Pedro le apretó el brazo con dedos temblorosos.


—Te amo, Paula. Quiero pasar el resto de mi vida contigo.


Sacó la mano del bolsillo y en el mirador, con las montañas de fondo, rodeados de árboles y con el canto de los pájaros como música de fondo, Pedro se arrodilló ante ella. Ente los dedos sostenía una sortija con un diamante. Paula contuvo el aliento.


—He ido a una joyería —Pedro apretó el anillo y el verde de sus ojos adquirió una nueva intensidad—. El día que quedaste con tu madre y tus hermanas y yo te esperé fuera de la cafetería, lo vi en el escaparate y me dije que quedaría precioso en tu mano. Está tallado para que adopte una forma parecida a…


—Una margarita —concluyó Paula por él—, como la que vimos aquí mismo la primera vez que recorrimos este paseo juntos.

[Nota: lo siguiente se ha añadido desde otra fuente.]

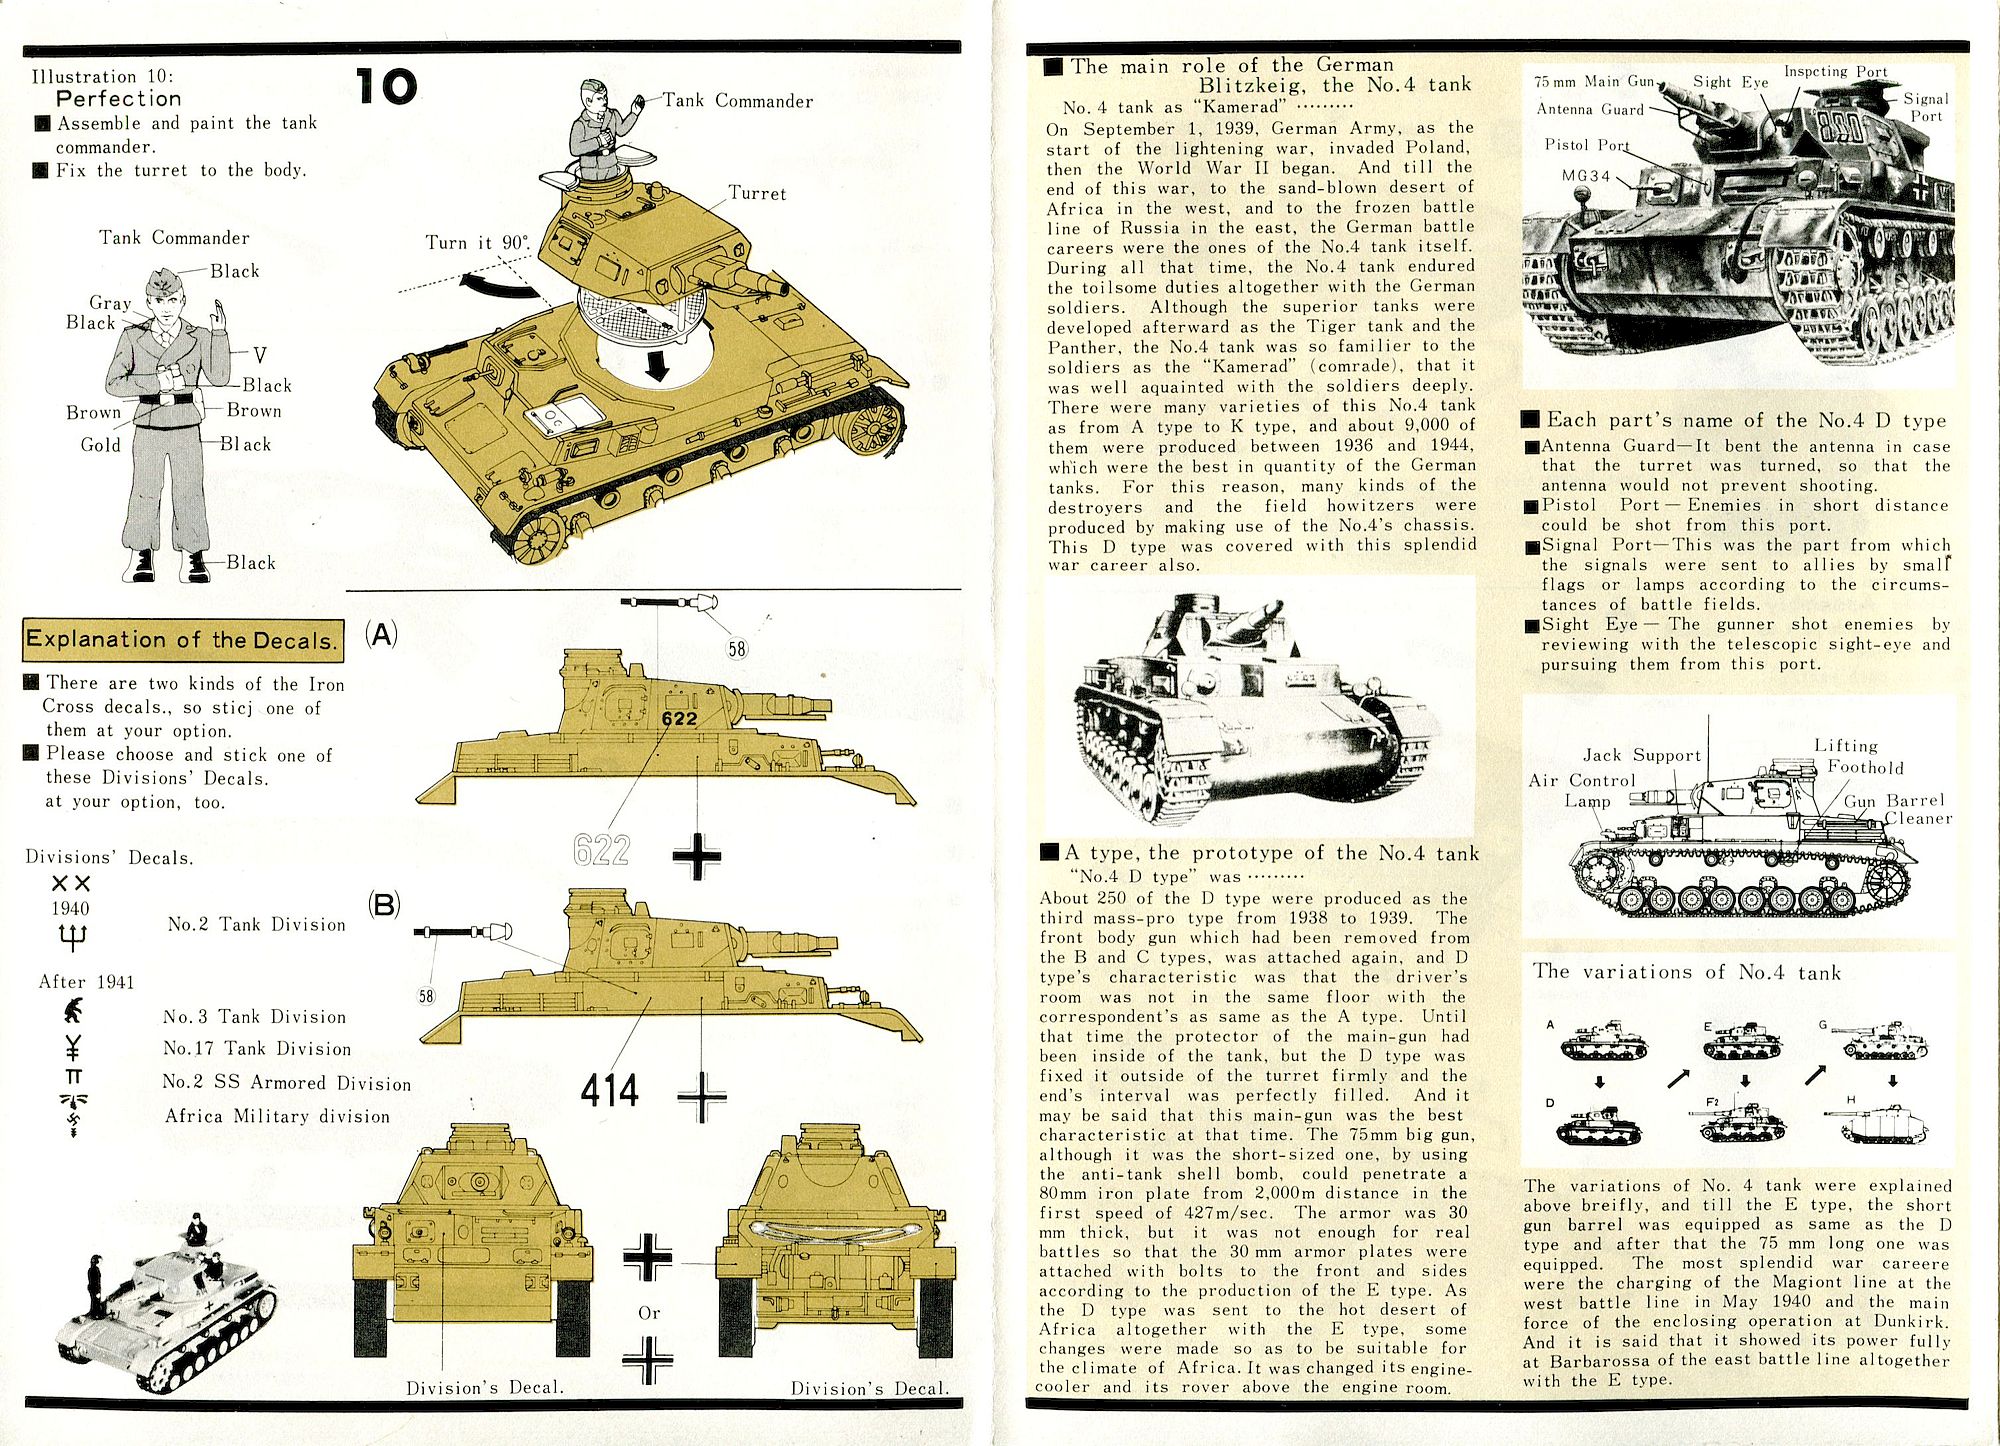 Обзор Panzerkampfwagen IV Ausf. D от комнапии Bandai в масштабе 1/48
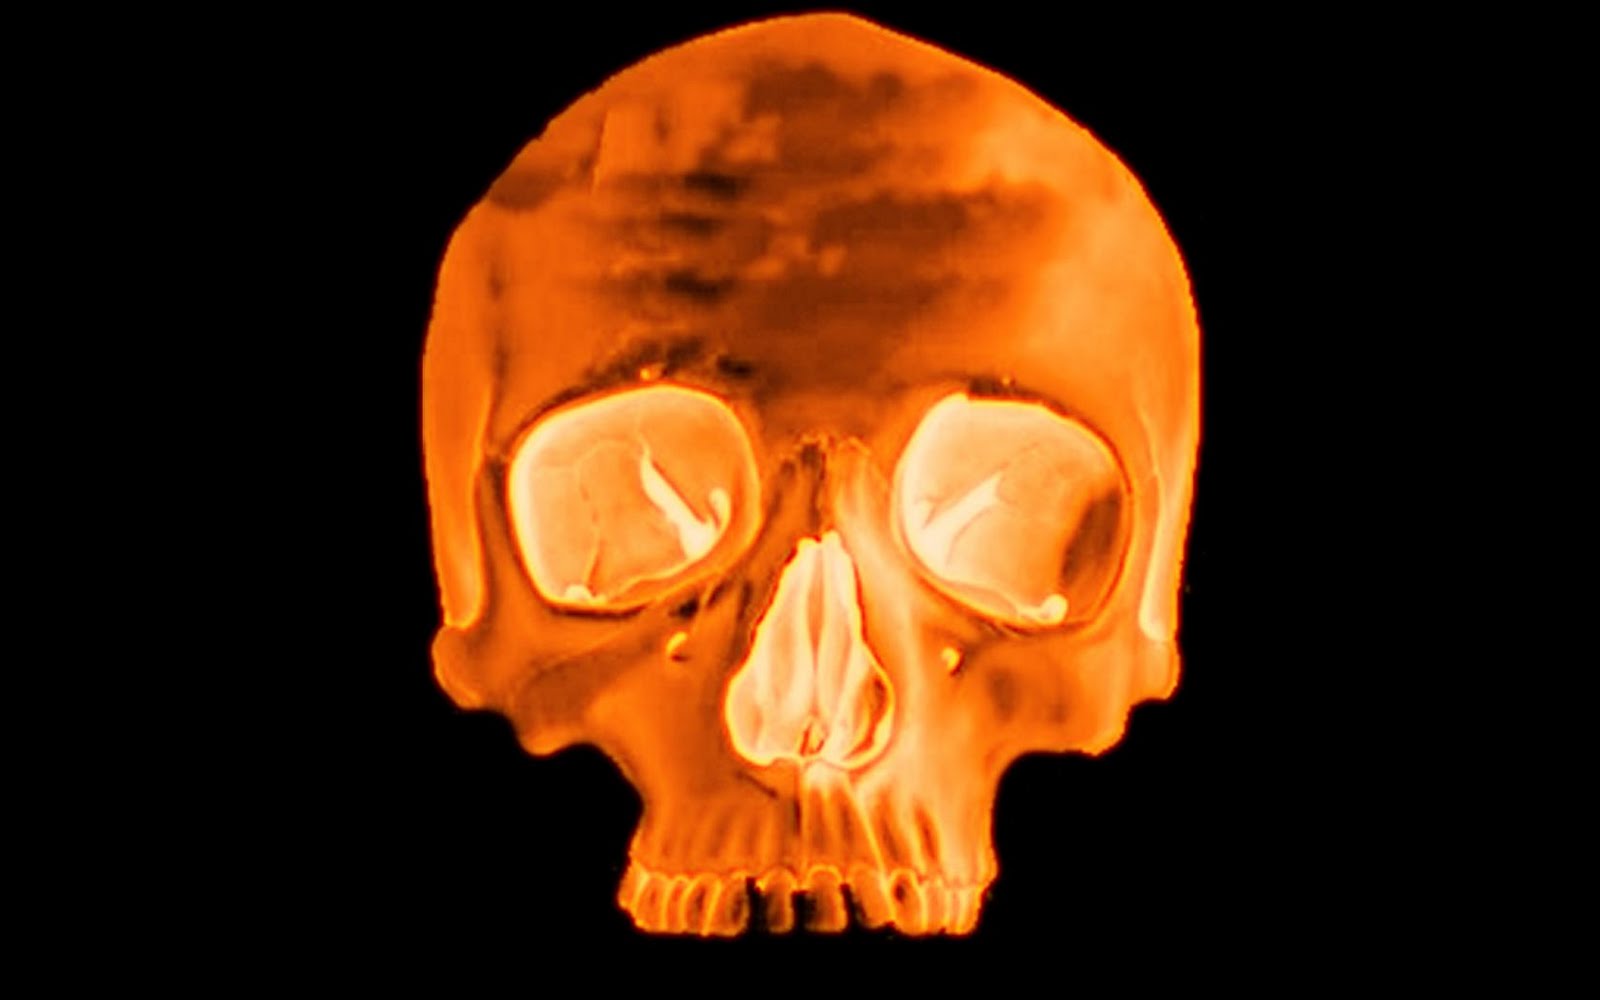 3d Skull Fire Image

—Quería una joya que me hiciera pensar en ti y que me ayudara a expresarte lo que siento —la mirada de Pedro se dulcificó—. Para mí tú eres como una de esas margaritas, delicada y hermosa, pero también fuerte y estable. Y yo quiero entregarte con este anillo mi amor imperecedero.


—¡Yo también te amo, Pedro, con todo mi ser!


—Eres para mí una amiga y una persona maravillosa —Pedro le tomó la mano—, por dentro y por fuera. Eres perfecta.


Por primera vez, Paula creyó plenamente lo que oía y una oleada de calor le envolvió el corazón.


—Yo adoro cómo me haces el amor y cómo me tocas. Adoro todo lo que te hace excepcional.


—Entonces —Pedro la miró fijamente al tiempo que le apretaba la mano—, ¿te casarás conmigo y vivirás conmigo para siempre? ¿Llevarás esta sortija y una alianza de matrimonio como símbolo de nuestro amor? No sé si sabré hacerlo, pero sí sé que te amo y que contigo puedo aprender cualquier cosa.


—¡Oh, Pedro! —Paula se quedó muy quieta mientras Pedro, sin dejar de mirarla, deslizaba la sortija en su dedo.


Ella alzó los brazos para rodearle el cuello y él la estrechó contra sí por la cintura.


—Claro que me casaré contigo. Y los dos aprenderemos juntos.


El sol arrancó destellos dorados al diamante y Paula tuvo la seguridad de que aquel amor era para siempre.





EL ANILLO: CAPITULO 32





—¿Piensas decirme qué te pasa o vas a seguir gruñendo a todo el mundo? —preguntó Luciano a Pedro mientras Alex preparaba huevos y beicon en la barbacoa.


Pedro se pasó las manos por el cabello y comenzó a ordenar meticulosamente las cosas sobre la mesa. Era sábado por la mañana y los tres estaban en el patio de su casa, preparando el desayuno.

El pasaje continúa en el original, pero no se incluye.